- **Information supplied**:
----------
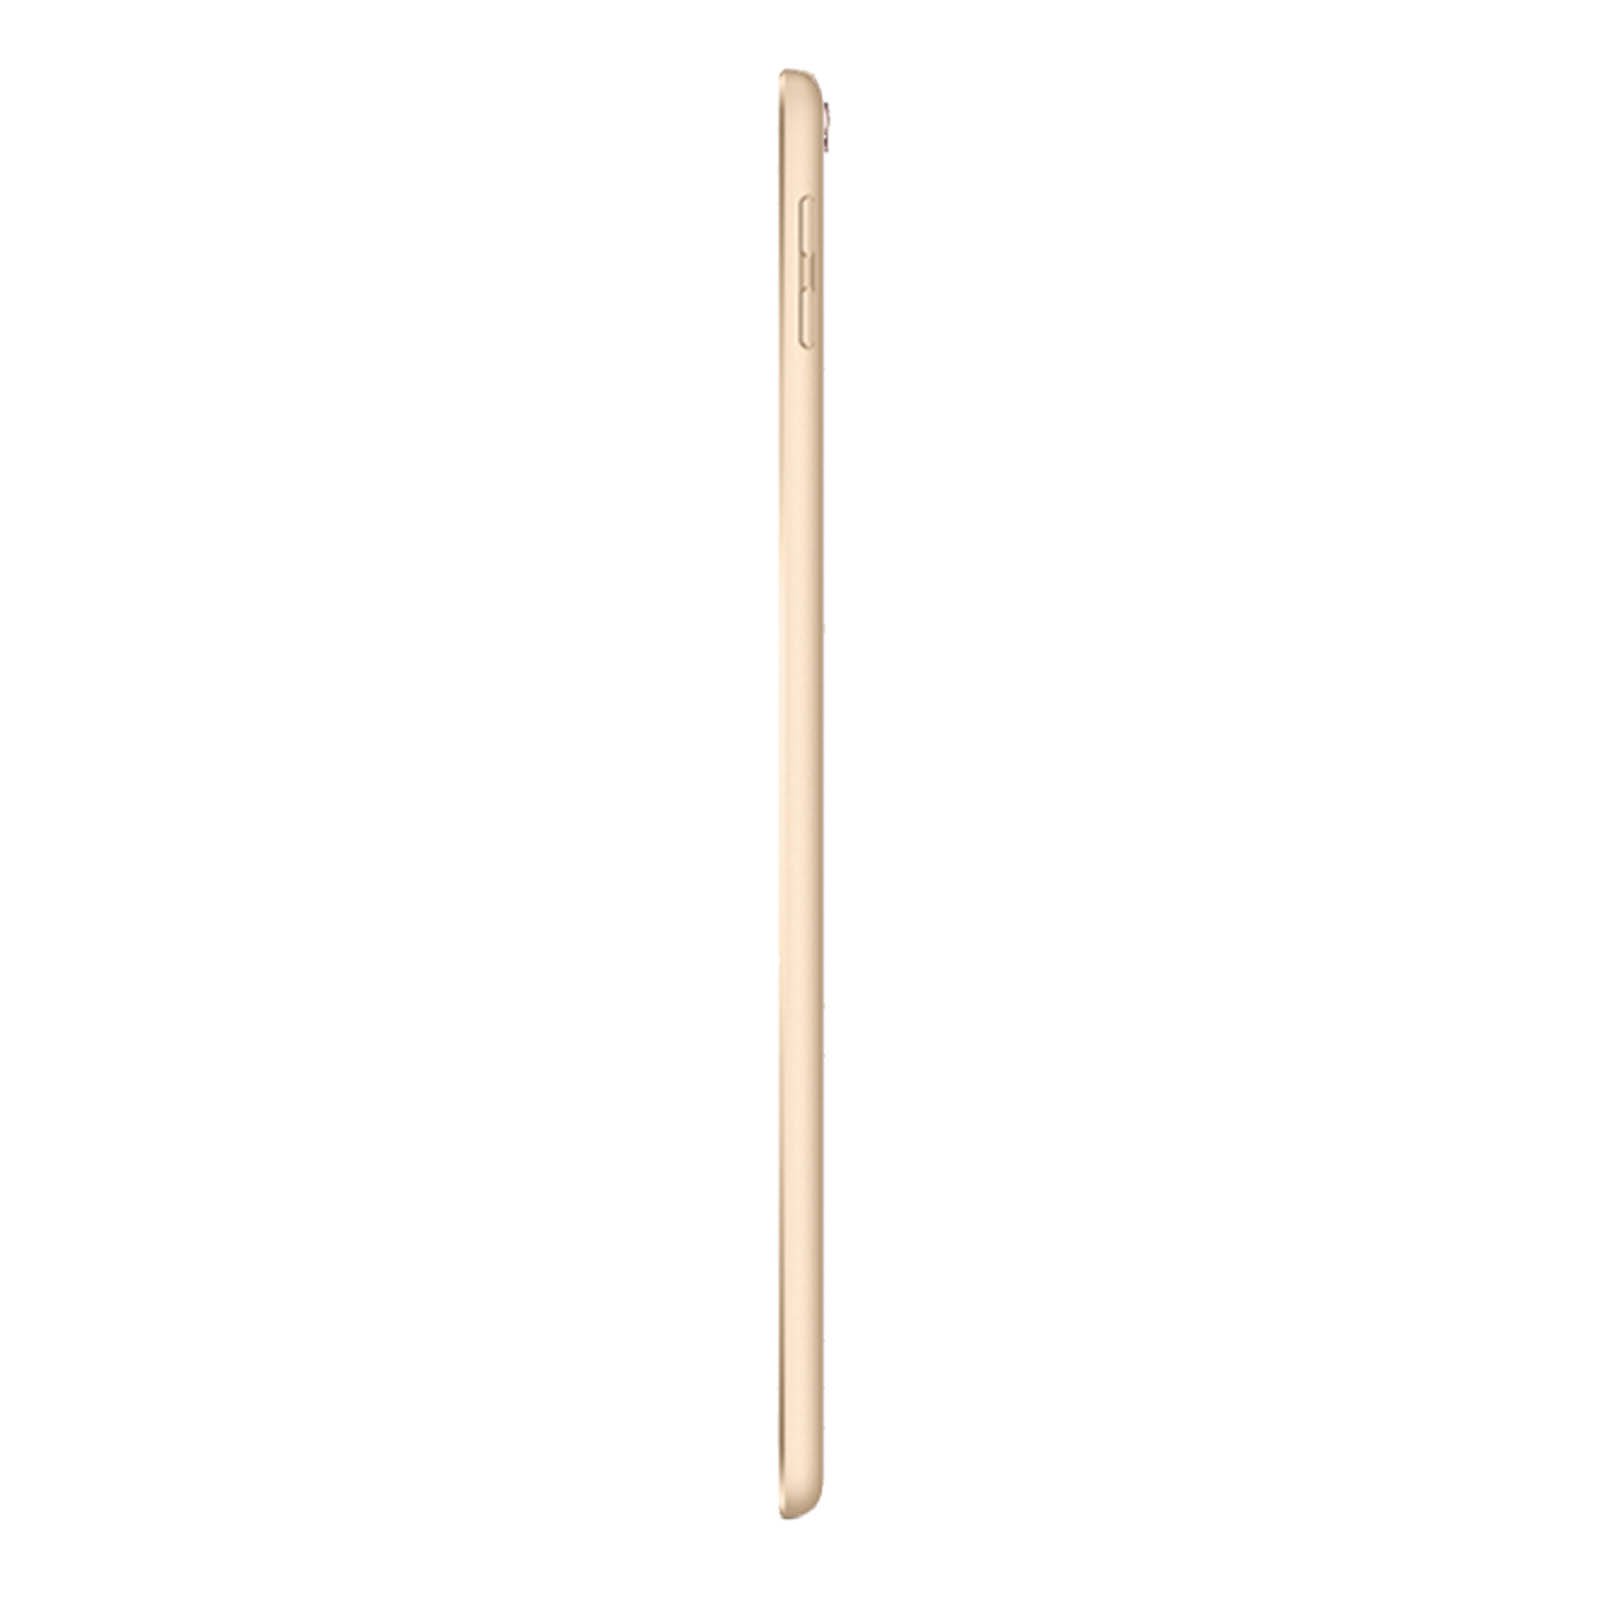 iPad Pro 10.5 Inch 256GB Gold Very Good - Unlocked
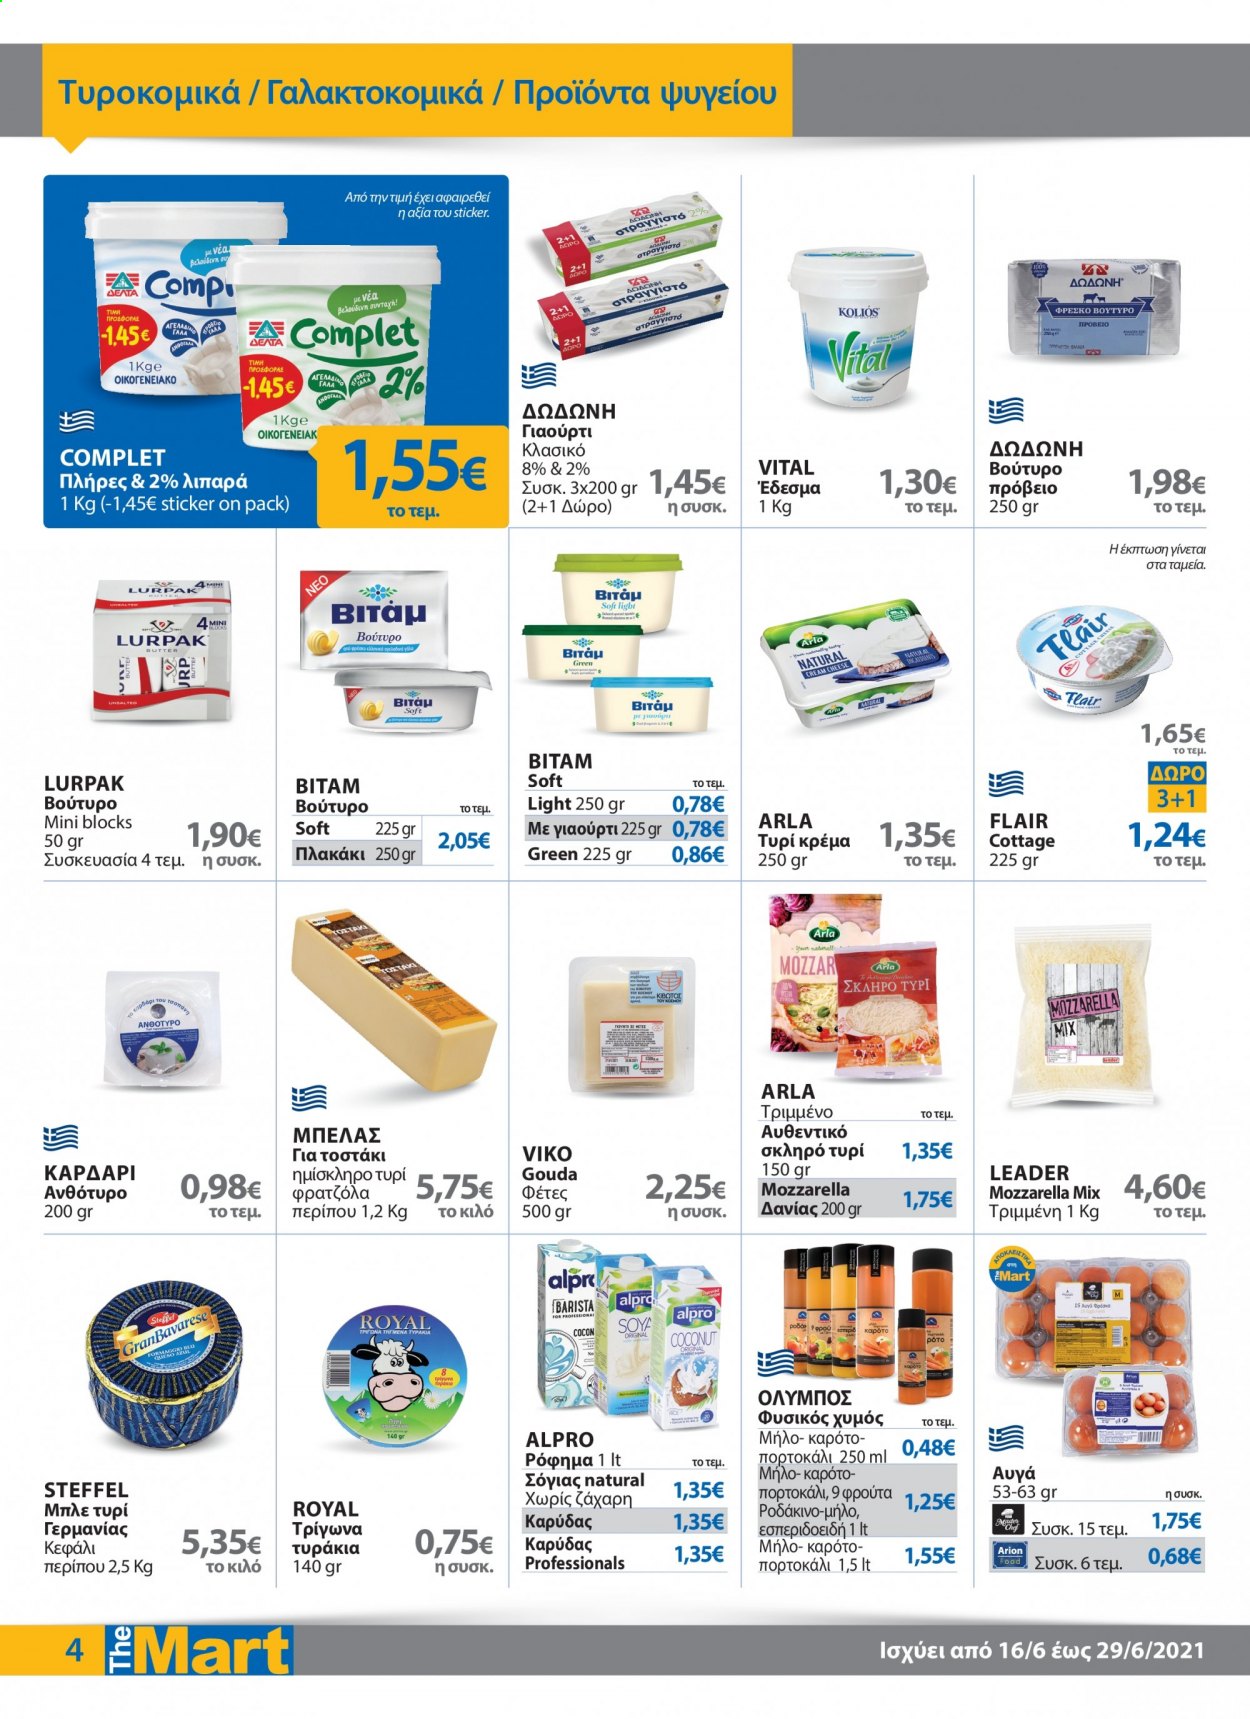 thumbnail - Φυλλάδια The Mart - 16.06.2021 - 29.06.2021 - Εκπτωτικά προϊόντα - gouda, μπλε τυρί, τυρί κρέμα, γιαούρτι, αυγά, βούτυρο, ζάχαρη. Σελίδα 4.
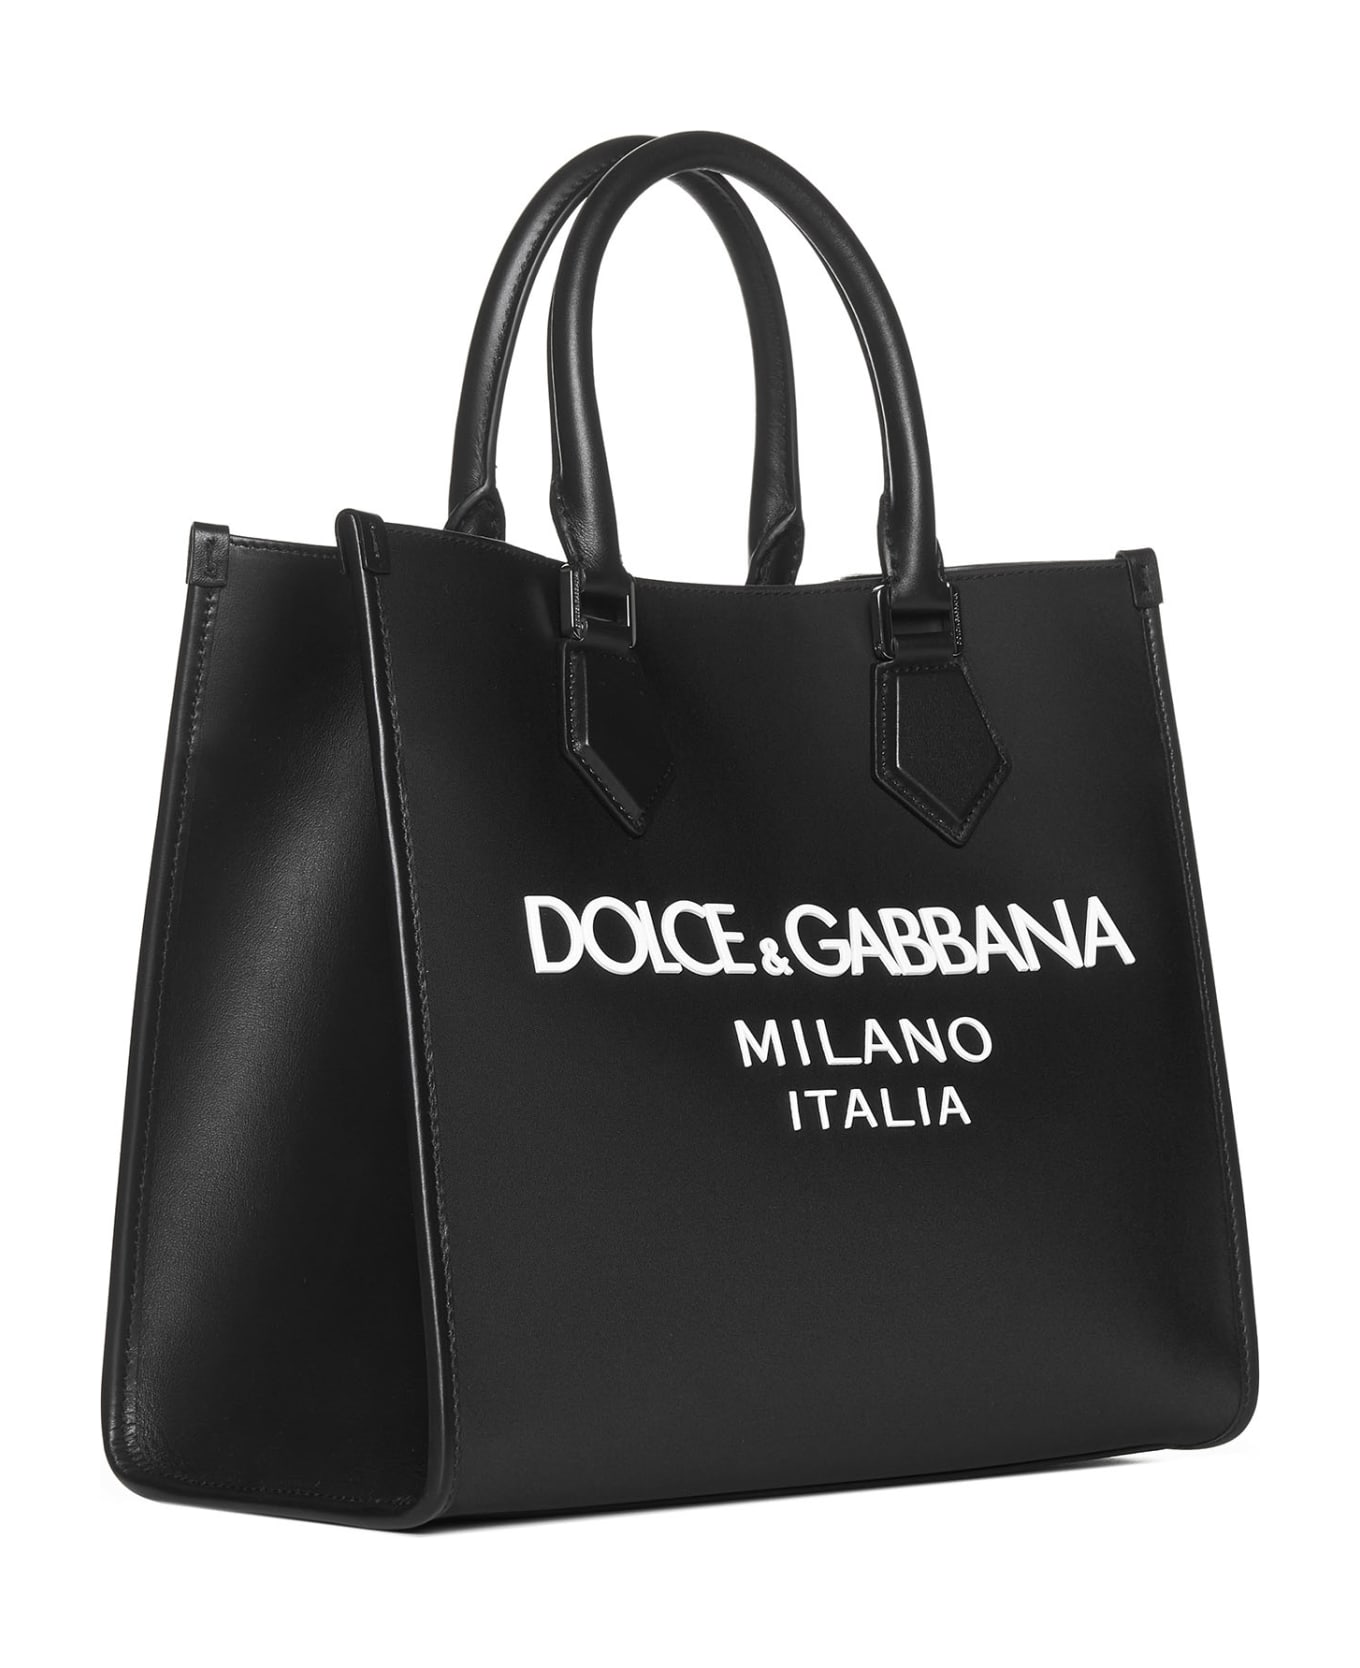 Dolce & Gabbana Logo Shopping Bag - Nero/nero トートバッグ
----------
- **Assignment**:
Your copy must consist solely of the lines from the one containing "thumbnail - Φυλλάδια" through the final line of the material above, transcribed exactly, with the pictures left out.

- **Expected answer**:
 thumbnail - Φυλλάδια The Mart - 16.06.2021 - 29.06.2021 - Εκπτωτικά προϊόντα - gouda, μπλε τυρί, τυρί κρέμα, γιαούρτι, αυγά, βούτυρο, ζάχαρη. Σελίδα 4.
 Dolce & Gabbana Logo Shopping Bag - Nero/nero トートバッグ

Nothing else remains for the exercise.